Forex - The Fed has once again lowered interest rates. It accepted a reduction of a quarter of a point but showed more signs of skepticism regarding how much and how quickly it would decrease rates in the future.

The latest reduction, approved by 11 of the Fed's 12 members, lowered the benchmark federal funds rate to a range of 4.25% to 4.5%, its lowest level in two years. Cleveland Fed President opposed the decision and voted to keep the rate unchanged.

The Fed had previously lowered rates in its last two meetings, starting with a half-point cut in September amid signs that the labor market might weaken. Officials approved a quarter-point cut last month.

In the policy statement following the Fed's FOMC meeting, it was stated, "Recent indicators suggest that economic activity continues to expand at a strong pace. Since the beginning of the year, labor market conditions have generally eased, and the unemployment rate has risen but remains low. Inflation, while progressing towards the Committee's 2% target, remains somewhat elevated. The Committee aims to achieve maximum employment and a 2% inflation rate over the long term.

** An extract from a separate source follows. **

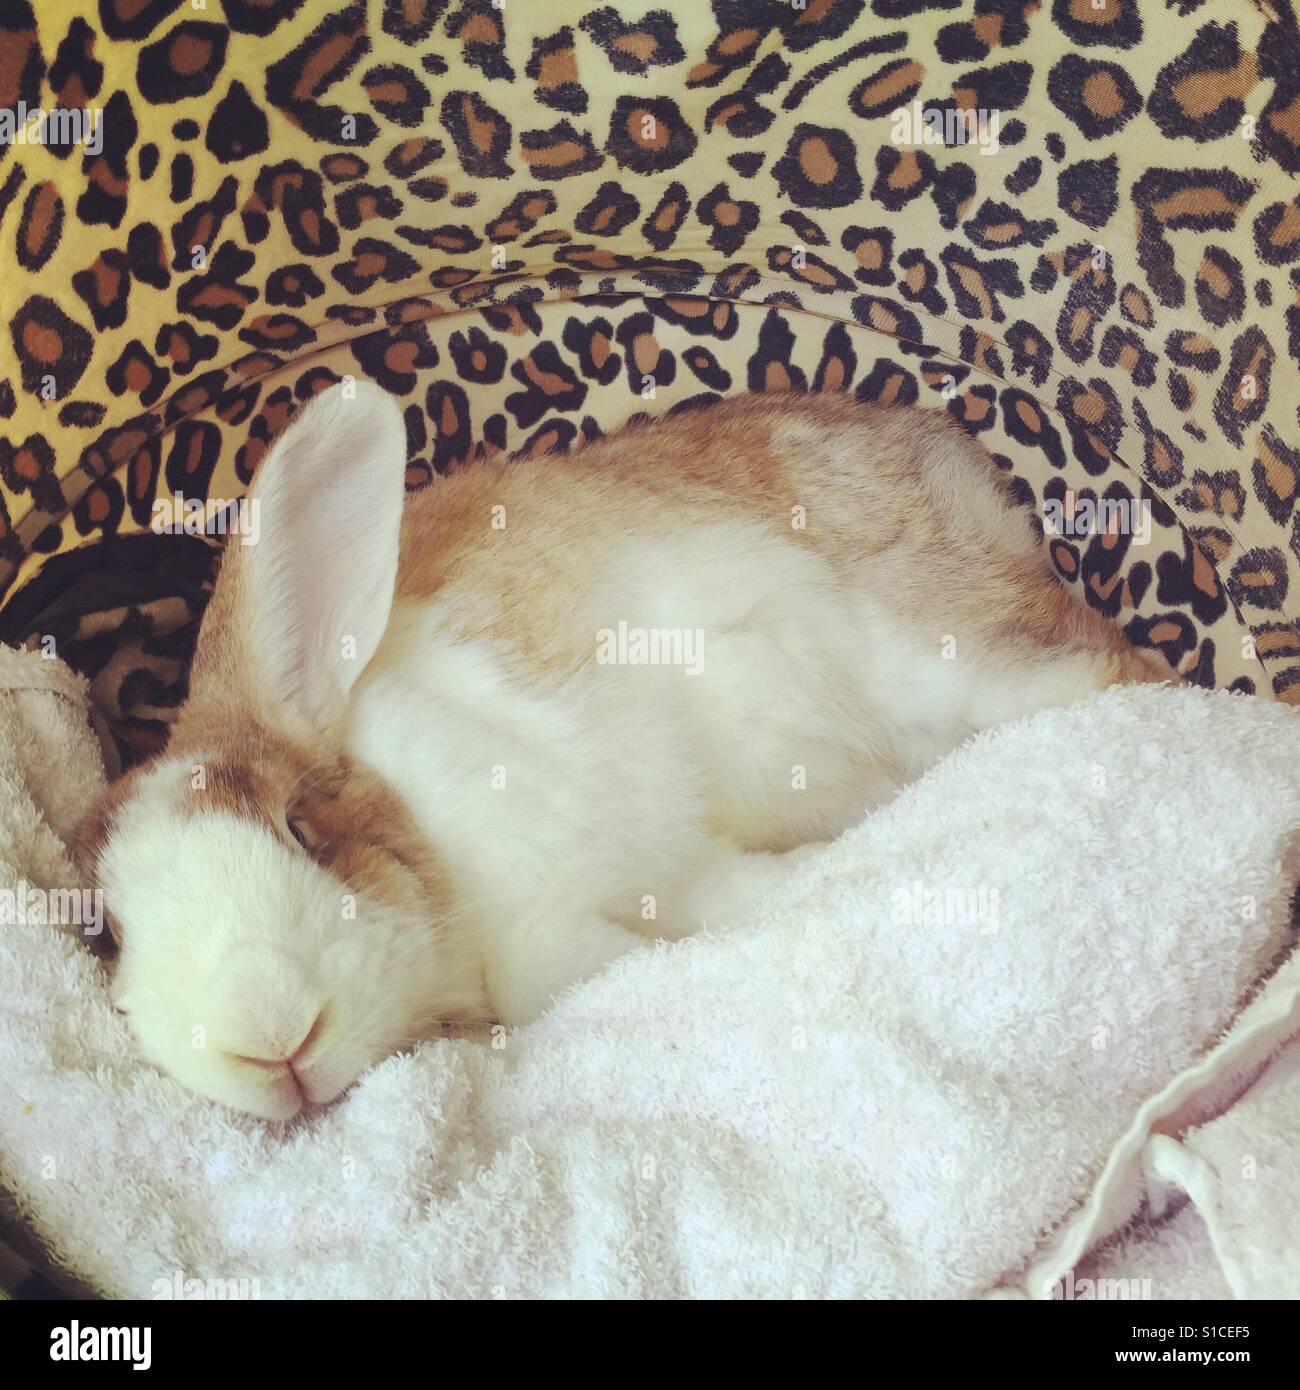 Sleepy bunny Stock Photo

The risks to achieving employment and inflation goals are roughly balanced," it said.

The statement also indicated that the "magnitude and timing" of further adjustments would depend on the outlook, signaling a slower pace of cuts, stating, "In assessing the magnitude and timing of future adjustments to the target range for the federal funds rate, the Committee will carefully evaluate incoming data, the evolving outlook, and the balance of risks. The Committee will continue to reduce its holdings of Treasury securities and agency debt and agency mortgage-backed securities. The Committee has a strong commitment to supporting maximum employment and returning inflation to its 2% target."

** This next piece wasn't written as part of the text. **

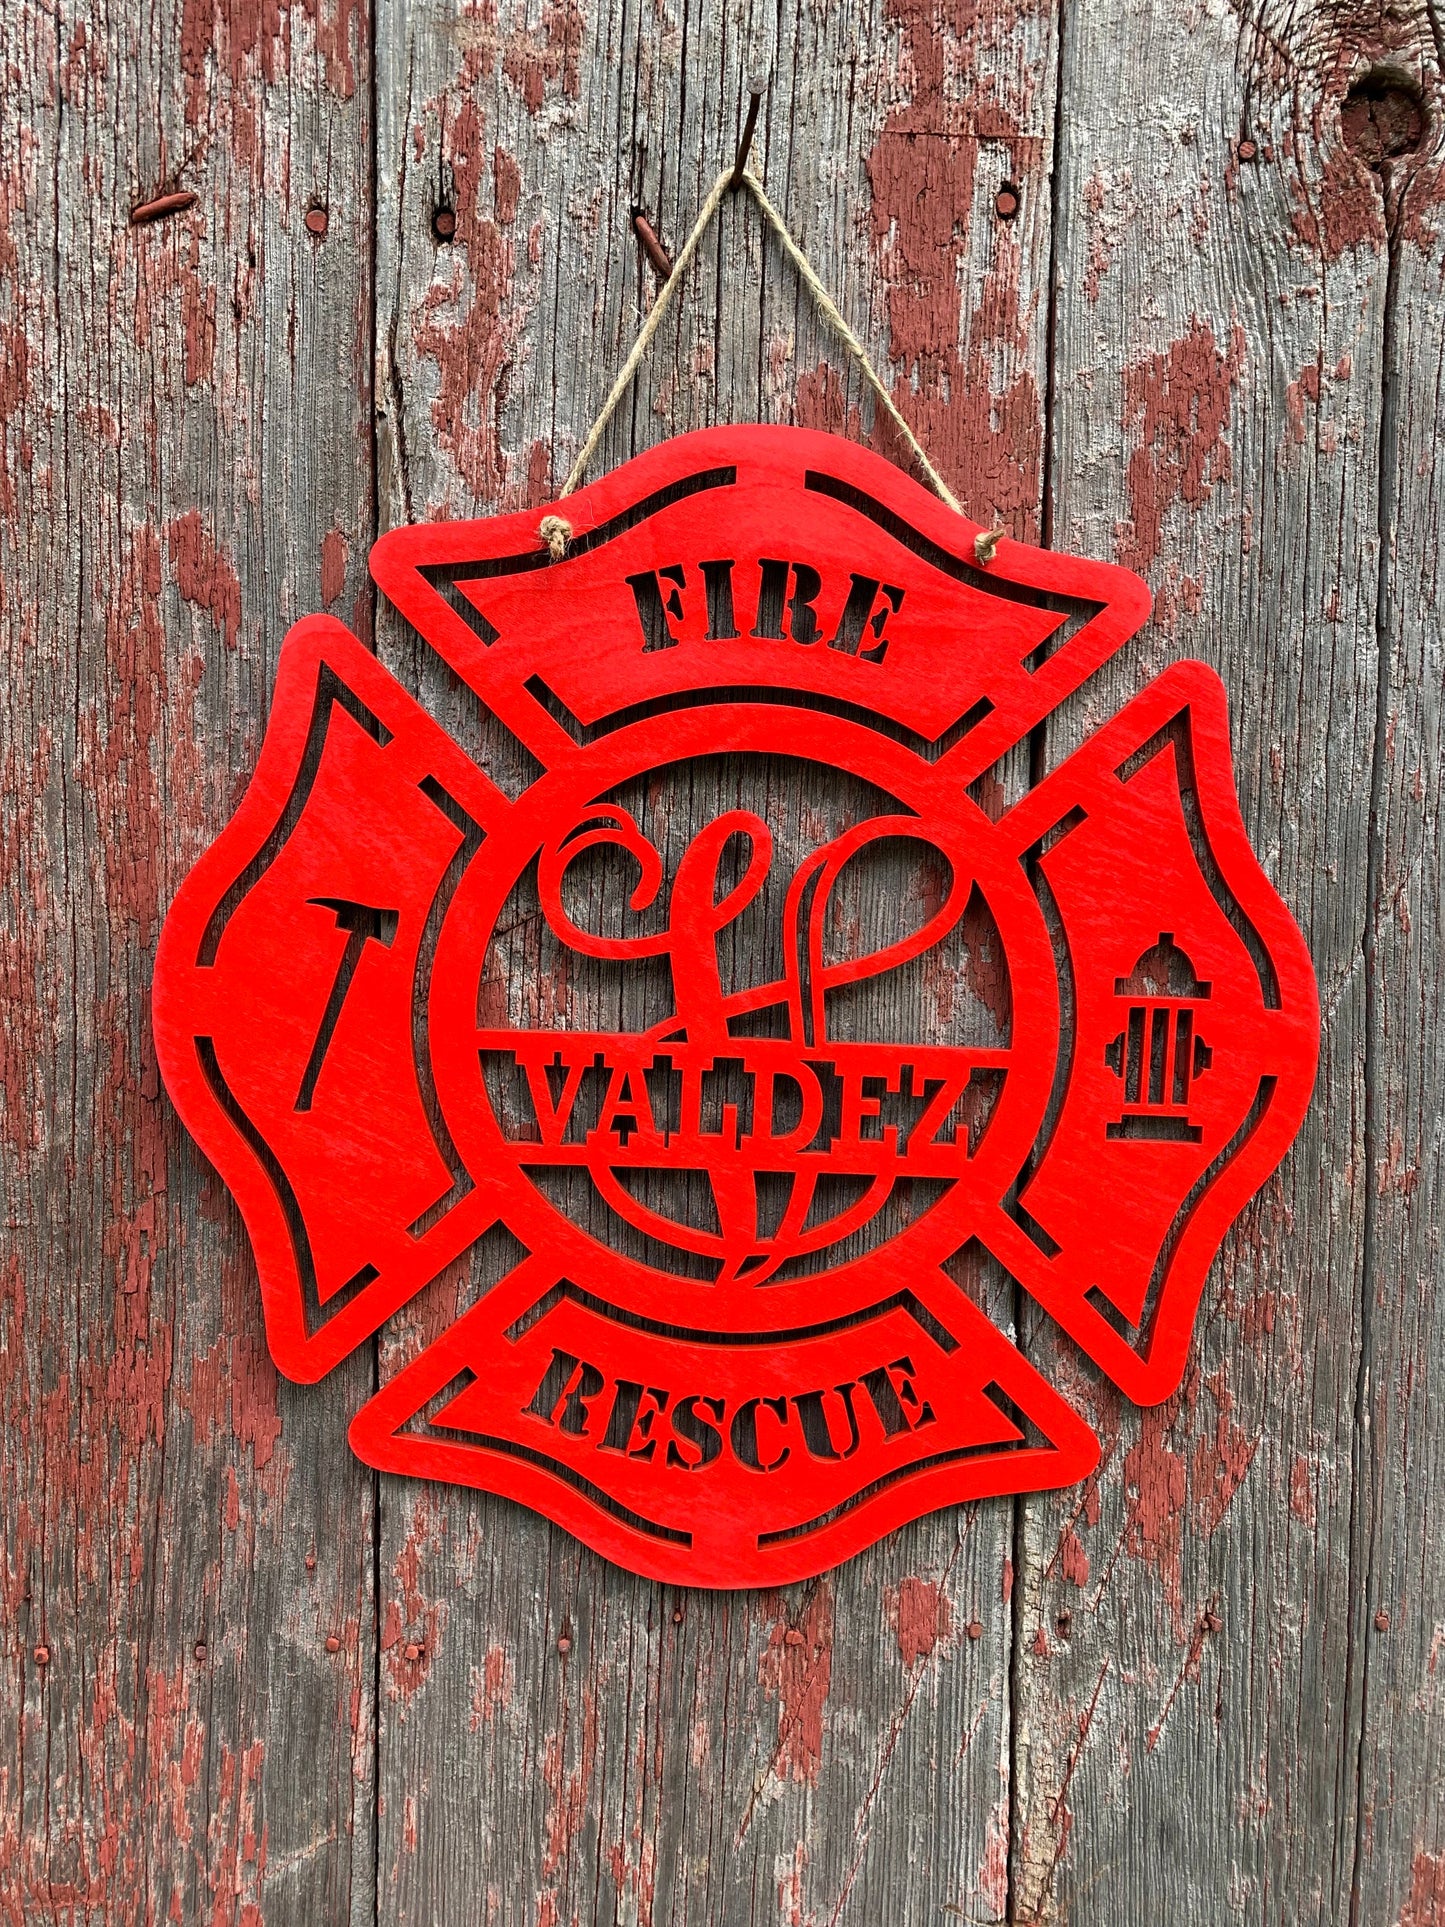 Firefighter Maltese Cross, Door Hanger, Wood, Axe

In the FOMC statement, it was noted that while assessing the appropriate stance of monetary policy, the impact of incoming information on the economic outlook would continue to be monitored and "The Committee will be prepared to adjust the stance of monetary policy appropriately if risks emerge that may impede the attainment of its goals. The Committee's assessments will take into account a broad range of information, including labor market conditions, inflation pressures and inflation expectations, as well as financial and international developments."

Dean Maki, chief economist at the hedge fund Point72 Asset Management, stated, "Their approach towards neutral rate estimates is a significant reason why they might slow the pace of rate cuts going forward."

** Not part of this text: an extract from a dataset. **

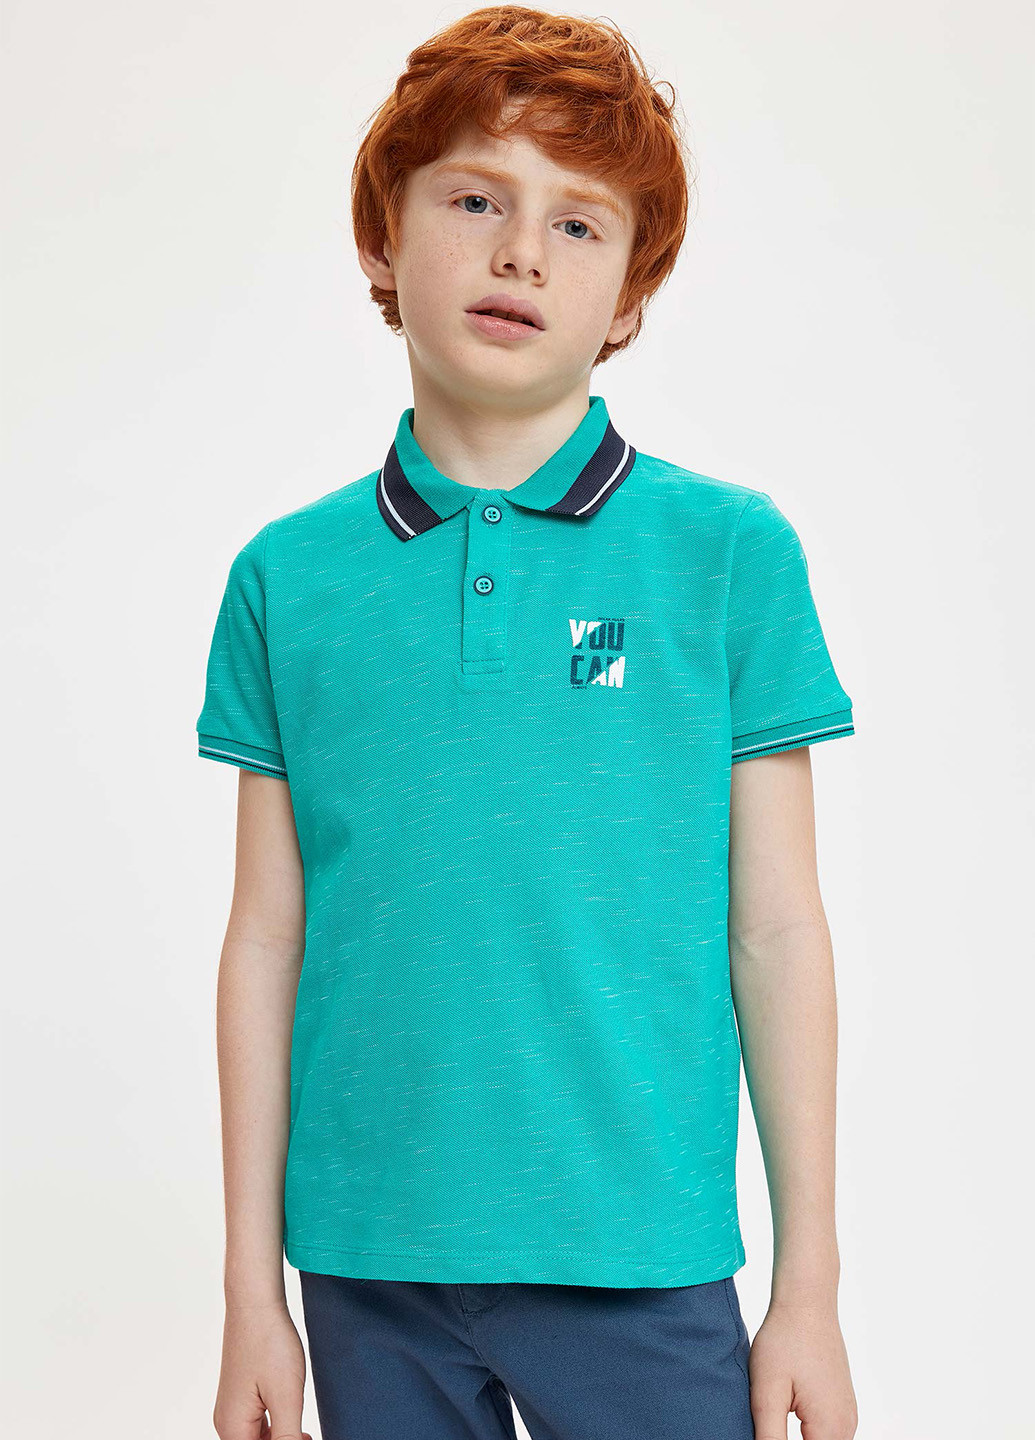 Зеленая детская футболка-поло для мальчика DeFacto с логотипом

Alternatively, some economists suggested that policymakers would prefer to take a cautious approach to rate cuts early next year while awaiting to see if inflation continues to decline after two months of stronger-than-expected price pressures. The labor market appears to be somewhat stronger than officials anticipated when they began rate cuts in September.

Maki, however, noted that inflation-adjusted income growth has historically been robust and profit margins are near their highest levels in decades. "The economic ground is quite strong," he said.